FDA Approves AVMAPKI™ FAKZYNJA™ as First Treatment for KRAS-Mutated Recurrent Low-Grade Serous Ovarian Cancer

Verastem Oncology, a biopharmaceutical firm specializing in treatments for cancers driven by the RAS/MAPK pathway, has announced a significant milestone. The U.S. Food and Drug Administration (FDA) has granted accelerated approval to the AVMAPKI™ FAKZYNJA™ CO-PACK, an oral combination therapy designed for adult patients with KRAS-mutated recurrent low-grade serous ovarian cancer (LGSOC) who have undergone prior systemic treatment. This approval represents the first-ever FDA-sanctioned medication specifically for this rare type of ovarian cancer.

The approval of AVMAPKI FAKZYNJA CO-PACK was largely influenced by results from the Phase 2 RAMP 201 study, which demonstrated a tumor response rate of 44%. Verastem's president and CEO, Dan Paterson, expressed enthusiasm about the approval, highlighting the urgent need for new treatment options for patients suffering from this rare cancer. The combination of AVMAPKI and FAKZYNJA offers a promising new therapeutic approach for individuals with this specific genetic mutation in their tumors.

Low-grade serous ovarian cancer is a rare and recurring form of cancer that does not respond well to conventional chemotherapy. It is different from more common high-grade serous ovarian cancers and typically affects younger women. With approximately 6,000 to 8,000 U.S. cases and 80,000 worldwide, the need for targeted therapies is critical. This new treatment provides hope and a new standard of care for women facing this challenging diagnosis.
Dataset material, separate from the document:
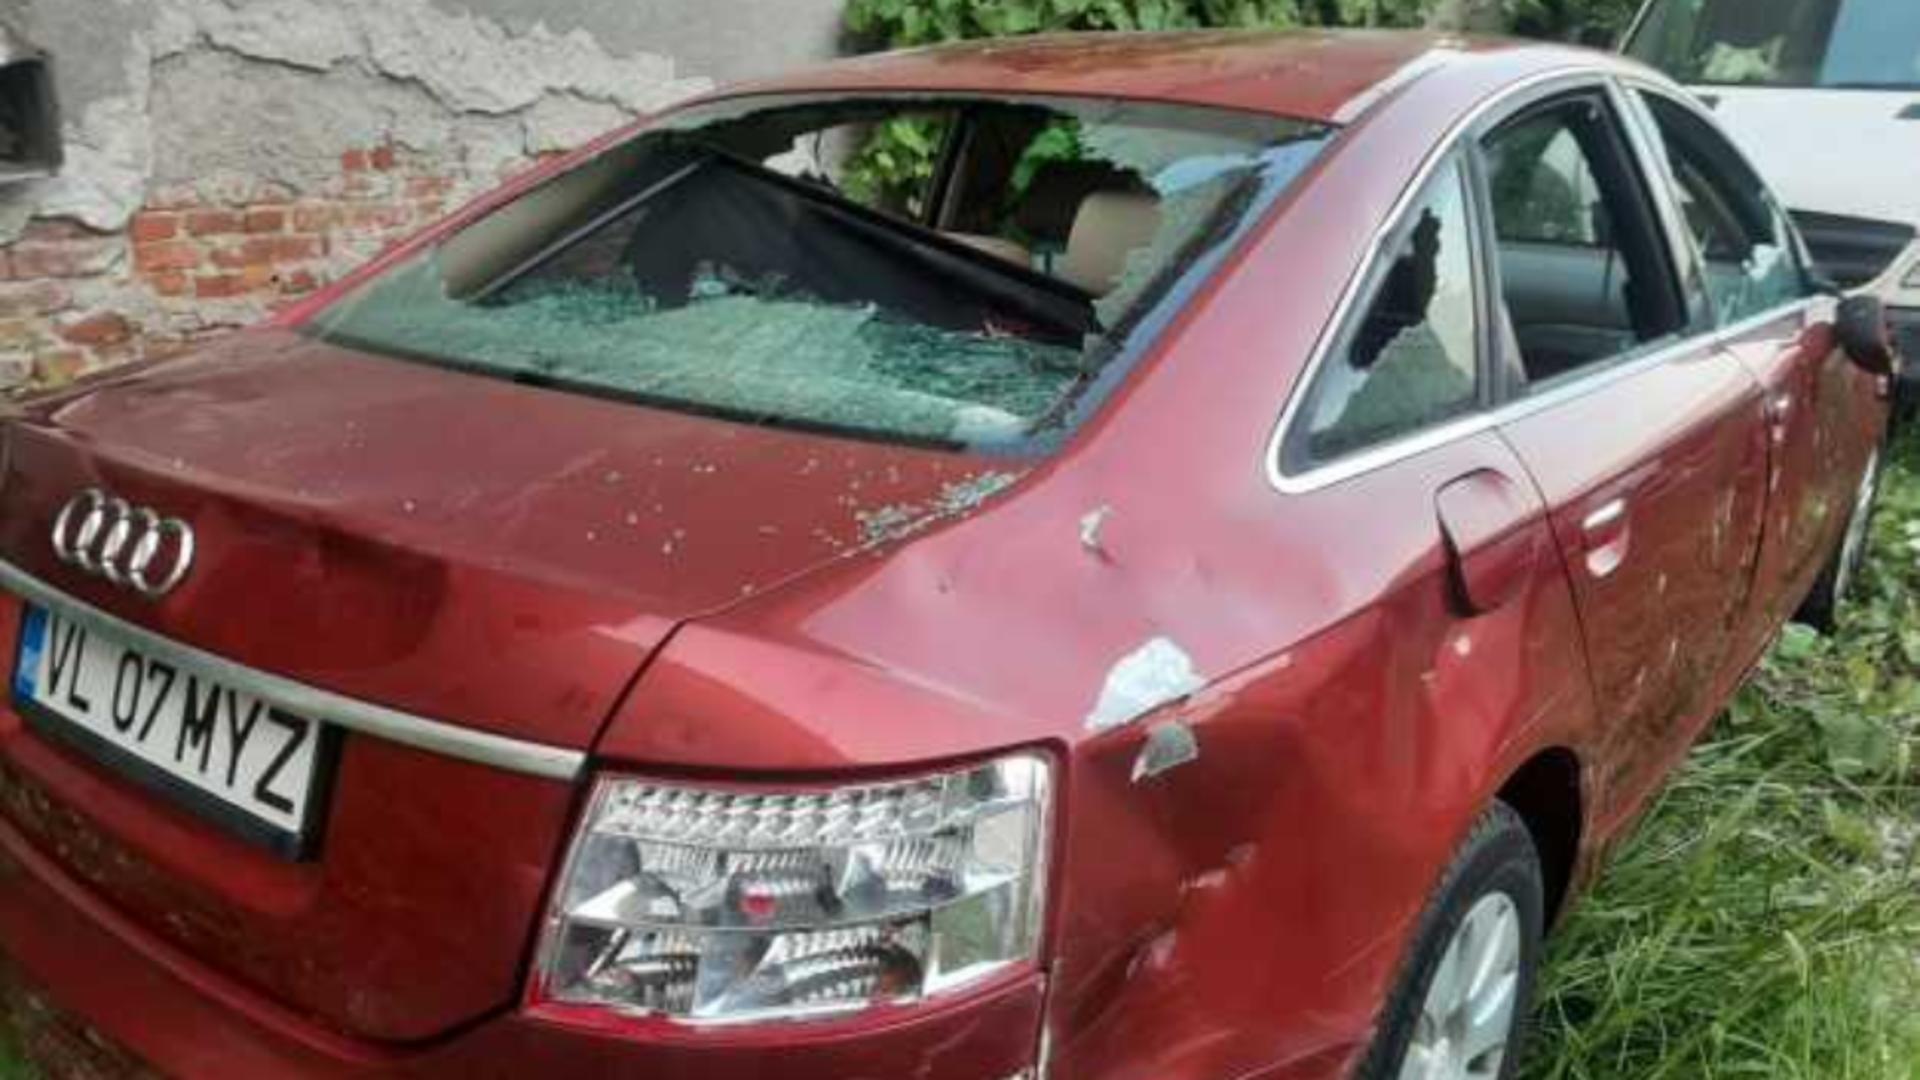 Imagini șocante, în Râmnicu Vâlcea: un bărbat distruge o mașină cu un topor. Foto: Facebook

Research behind the approval included the RAMP 201 trial, which assessed the efficacy of the combination of avutometinib (AVMAPKI) and defactinib (FAKZYNJA) in adults with measurable KRAS-mutated recurrent LGSOC. During the study, participants received AVMAPKI and FAKZYNJA over a four-week cycle, and the overall response rate was a key measure of success. The trial revealed that 44% of patients experienced a significant tumor shrinkage, with the median duration of response ranging from 3.3 to 31.1 months.

The safety profile of the AVMAPKI FAKZYNJA CO-PACK was also evaluated, with findings indicating some possible serious side effects, such as eye disorders, skin toxicities, and liver issues. Common side effects reported included increased enzyme levels in the blood, nausea, fatigue, and skin rashes. Nevertheless, the therapy was generally well-tolerated, and the potential benefits appear to outweigh the risks for many patients.
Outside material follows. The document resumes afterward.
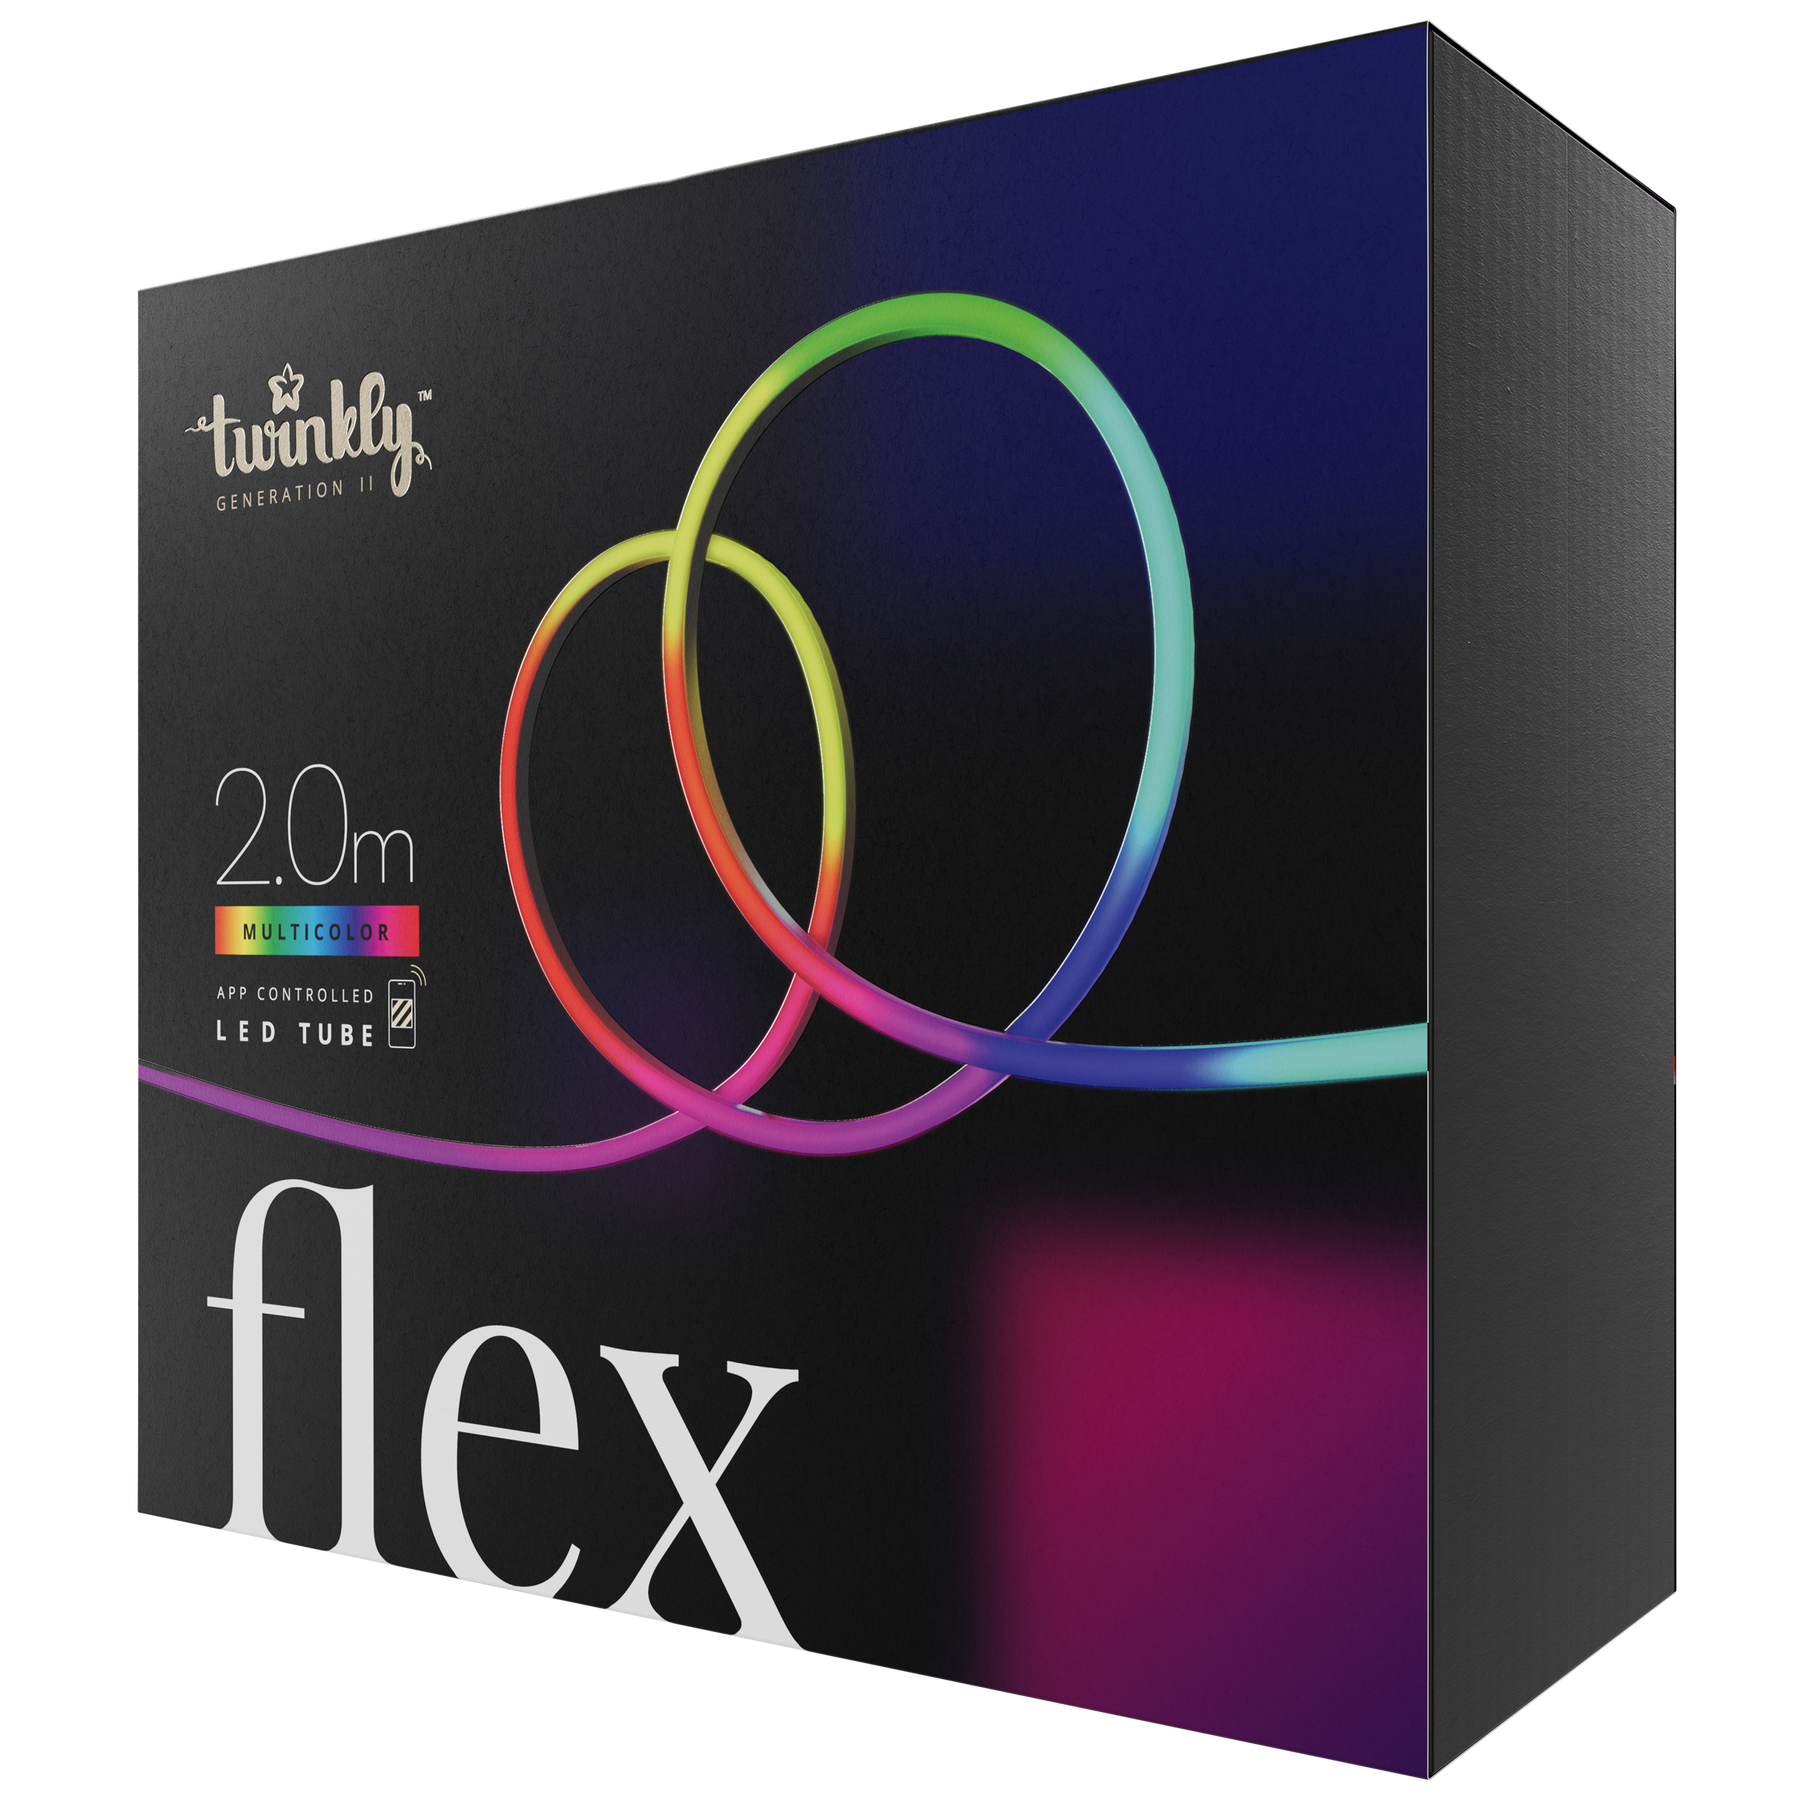 Flex (flerfarvet udgave)

Verastem Oncology is committed to supporting patients through its Verastem Cares™ program, which offers assistance with access and reimbursement for those prescribed this new therapy. The program is designed to ease the burden on patients and ensure they can receive the necessary treatment.

The company is also planning further trials to explore additional uses of AVMAPKI and FAKZYNJA in treating RAS/MAPK-driven tumors. These studies will focus on a variety of cancer types, including non-small cell lung cancer and pancreatic cancer.

The approval of AVMAPKI FAKZYNJA CO-PACK marks a significant advancement in the treatment landscape for low-grade serous ovarian cancer, offering new hope for patients and opening up a new avenue for cancer therapy. This milestone is celebrated by patients, researchers, and clinicians alike, who have long awaited an effective treatment for this difficult-to-treat cancer.